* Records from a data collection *
==*==

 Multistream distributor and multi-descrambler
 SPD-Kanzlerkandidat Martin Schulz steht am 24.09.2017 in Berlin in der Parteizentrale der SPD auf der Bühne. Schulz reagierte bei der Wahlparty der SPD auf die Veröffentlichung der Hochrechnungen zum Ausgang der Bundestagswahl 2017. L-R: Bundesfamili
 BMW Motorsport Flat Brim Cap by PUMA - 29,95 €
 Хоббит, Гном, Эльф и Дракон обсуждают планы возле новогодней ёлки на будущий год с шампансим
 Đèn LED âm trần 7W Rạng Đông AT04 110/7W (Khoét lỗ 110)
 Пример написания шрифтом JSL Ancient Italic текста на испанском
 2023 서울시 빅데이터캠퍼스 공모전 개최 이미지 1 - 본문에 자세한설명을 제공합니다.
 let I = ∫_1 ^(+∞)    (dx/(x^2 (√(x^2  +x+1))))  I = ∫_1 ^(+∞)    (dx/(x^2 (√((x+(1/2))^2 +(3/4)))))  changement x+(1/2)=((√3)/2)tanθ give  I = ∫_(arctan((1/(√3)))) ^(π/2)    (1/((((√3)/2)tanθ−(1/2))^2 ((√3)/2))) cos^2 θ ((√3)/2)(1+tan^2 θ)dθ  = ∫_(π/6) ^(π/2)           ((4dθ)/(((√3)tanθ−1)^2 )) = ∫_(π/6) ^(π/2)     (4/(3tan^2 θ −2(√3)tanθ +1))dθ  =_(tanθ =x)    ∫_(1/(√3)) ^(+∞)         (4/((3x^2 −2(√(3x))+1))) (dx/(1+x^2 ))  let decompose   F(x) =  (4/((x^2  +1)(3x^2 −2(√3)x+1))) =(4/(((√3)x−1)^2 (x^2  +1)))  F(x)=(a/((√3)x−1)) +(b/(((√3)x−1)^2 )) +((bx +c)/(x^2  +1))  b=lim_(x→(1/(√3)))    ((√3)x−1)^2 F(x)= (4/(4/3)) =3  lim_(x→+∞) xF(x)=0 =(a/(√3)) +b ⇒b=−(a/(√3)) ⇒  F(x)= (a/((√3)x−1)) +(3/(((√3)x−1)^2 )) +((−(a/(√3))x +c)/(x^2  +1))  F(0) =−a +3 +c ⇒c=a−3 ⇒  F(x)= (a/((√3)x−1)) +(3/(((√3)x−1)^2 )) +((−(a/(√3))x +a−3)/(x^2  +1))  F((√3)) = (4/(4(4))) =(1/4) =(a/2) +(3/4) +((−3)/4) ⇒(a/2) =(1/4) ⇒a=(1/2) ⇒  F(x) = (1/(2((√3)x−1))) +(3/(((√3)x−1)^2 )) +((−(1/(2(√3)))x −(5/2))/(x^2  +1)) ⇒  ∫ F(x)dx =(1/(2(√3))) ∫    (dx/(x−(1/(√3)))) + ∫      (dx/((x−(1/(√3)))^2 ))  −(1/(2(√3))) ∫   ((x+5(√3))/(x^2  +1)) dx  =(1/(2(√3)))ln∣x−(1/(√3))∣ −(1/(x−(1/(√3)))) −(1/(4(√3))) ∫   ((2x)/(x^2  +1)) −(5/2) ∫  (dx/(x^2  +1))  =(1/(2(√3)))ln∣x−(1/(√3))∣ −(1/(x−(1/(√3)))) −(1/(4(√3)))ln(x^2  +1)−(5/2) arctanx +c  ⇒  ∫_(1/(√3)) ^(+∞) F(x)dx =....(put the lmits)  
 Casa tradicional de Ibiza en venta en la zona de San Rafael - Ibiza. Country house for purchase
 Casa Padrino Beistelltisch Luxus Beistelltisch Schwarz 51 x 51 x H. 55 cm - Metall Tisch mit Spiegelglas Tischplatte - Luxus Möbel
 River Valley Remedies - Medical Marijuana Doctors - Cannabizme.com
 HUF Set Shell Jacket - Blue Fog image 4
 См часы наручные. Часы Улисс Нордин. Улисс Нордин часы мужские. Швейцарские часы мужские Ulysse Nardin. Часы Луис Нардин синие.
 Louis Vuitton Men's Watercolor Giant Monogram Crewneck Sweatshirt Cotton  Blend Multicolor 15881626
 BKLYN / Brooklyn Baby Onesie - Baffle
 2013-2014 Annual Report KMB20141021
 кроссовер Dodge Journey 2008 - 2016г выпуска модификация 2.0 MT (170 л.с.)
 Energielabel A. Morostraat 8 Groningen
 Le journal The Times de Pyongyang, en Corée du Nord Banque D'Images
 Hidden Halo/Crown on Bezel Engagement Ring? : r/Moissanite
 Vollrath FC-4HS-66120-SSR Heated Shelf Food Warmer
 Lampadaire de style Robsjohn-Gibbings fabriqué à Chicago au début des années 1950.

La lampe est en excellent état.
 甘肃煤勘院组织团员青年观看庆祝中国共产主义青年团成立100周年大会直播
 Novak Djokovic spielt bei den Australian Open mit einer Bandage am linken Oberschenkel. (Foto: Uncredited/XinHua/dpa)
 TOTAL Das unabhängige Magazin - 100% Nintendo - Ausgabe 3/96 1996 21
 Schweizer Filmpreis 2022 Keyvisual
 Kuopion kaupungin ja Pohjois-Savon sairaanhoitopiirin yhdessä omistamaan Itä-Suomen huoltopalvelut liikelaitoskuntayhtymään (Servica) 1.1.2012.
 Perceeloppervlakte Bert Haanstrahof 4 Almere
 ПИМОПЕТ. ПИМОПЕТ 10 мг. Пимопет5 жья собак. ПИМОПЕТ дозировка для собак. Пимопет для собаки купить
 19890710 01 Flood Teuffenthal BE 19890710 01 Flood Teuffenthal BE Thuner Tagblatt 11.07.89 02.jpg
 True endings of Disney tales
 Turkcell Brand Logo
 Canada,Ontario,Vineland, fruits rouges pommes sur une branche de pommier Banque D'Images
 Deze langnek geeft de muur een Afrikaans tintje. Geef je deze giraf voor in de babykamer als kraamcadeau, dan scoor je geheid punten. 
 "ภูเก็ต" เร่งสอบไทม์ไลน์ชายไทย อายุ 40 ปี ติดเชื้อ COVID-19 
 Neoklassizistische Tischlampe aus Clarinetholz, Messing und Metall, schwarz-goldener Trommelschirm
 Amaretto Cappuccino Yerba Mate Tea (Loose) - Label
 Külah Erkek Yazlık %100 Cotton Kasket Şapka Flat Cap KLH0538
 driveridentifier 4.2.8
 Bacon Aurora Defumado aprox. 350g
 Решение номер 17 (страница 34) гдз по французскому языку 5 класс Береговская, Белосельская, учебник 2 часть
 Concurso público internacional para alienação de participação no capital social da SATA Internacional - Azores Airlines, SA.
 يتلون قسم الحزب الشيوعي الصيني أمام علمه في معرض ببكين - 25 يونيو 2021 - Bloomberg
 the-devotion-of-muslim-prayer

==*==

* Exercise objective *
Given the records above, reproduce precisely and only the lines between the line holding "Casa Padrino Beistelltisch" and the line holding "Vollrath FC-4HS-66120-SSR Heated", inclusive.

* Final answer *
 Casa Padrino Beistelltisch Luxus Beistelltisch Schwarz 51 x 51 x H. 55 cm - Metall Tisch mit Spiegelglas Tischplatte - Luxus Möbel
 River Valley Remedies - Medical Marijuana Doctors - Cannabizme.com
 HUF Set Shell Jacket - Blue Fog image 4
 См часы наручные. Часы Улисс Нордин. Улисс Нордин часы мужские. Швейцарские часы мужские Ulysse Nardin. Часы Луис Нардин синие.
 Louis Vuitton Men's Watercolor Giant Monogram Crewneck Sweatshirt Cotton  Blend Multicolor 15881626
 BKLYN / Brooklyn Baby Onesie - Baffle
 2013-2014 Annual Report KMB20141021
 кроссовер Dodge Journey 2008 - 2016г выпуска модификация 2.0 MT (170 л.с.)
 Energielabel A. Morostraat 8 Groningen
 Le journal The Times de Pyongyang, en Corée du Nord Banque D'Images
 Hidden Halo/Crown on Bezel Engagement Ring? : r/Moissanite
 Vollrath FC-4HS-66120-SSR Heated Shelf Food Warmer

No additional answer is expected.